Les Romains s’emparèrent de la ville en 270 av. J.-C., après avoir conquis toute l'Italie méridionale au cours des guerres l'opposant à Pyrrhus d'Épire et la prise de Tarente en 272 av. J.-C. Pendant la deuxième guerre punique, Métaponte se rallia à Hannibal en 215, mais fut reprise par les Romains en 207. Les esclaves révoltés dirigés par Spartacus la pillèrent en 73 ou 72 av. J.-C.[1].

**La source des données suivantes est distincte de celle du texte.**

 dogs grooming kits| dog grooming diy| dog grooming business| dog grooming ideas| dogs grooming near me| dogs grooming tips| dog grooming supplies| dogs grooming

La ville et son organisation territoriale sont connues par les nombreuses fouilles réalisées aux XIXe et XXe siècles. Son monument le plus célèbre est le temple d'Héra, aussi appelé « Tables Palatines » (Tavole Palatine). On connaît par ailleurs de nombreuses nécropoles périurbaines et rurales (Pantanello, fouillée par diverses équipes américaines dans la seconde moitié du XXe siècle), attestant d'une organisation cadastrale de la chôra de la cité, en lien avec le plan hippodaméen du centre urbain.

Fondation[modifier | modifier le code]

Le temple d'Héra (ou « Tables palatines »), à Métaponte. Milieu du VIe siècle av. J.-C.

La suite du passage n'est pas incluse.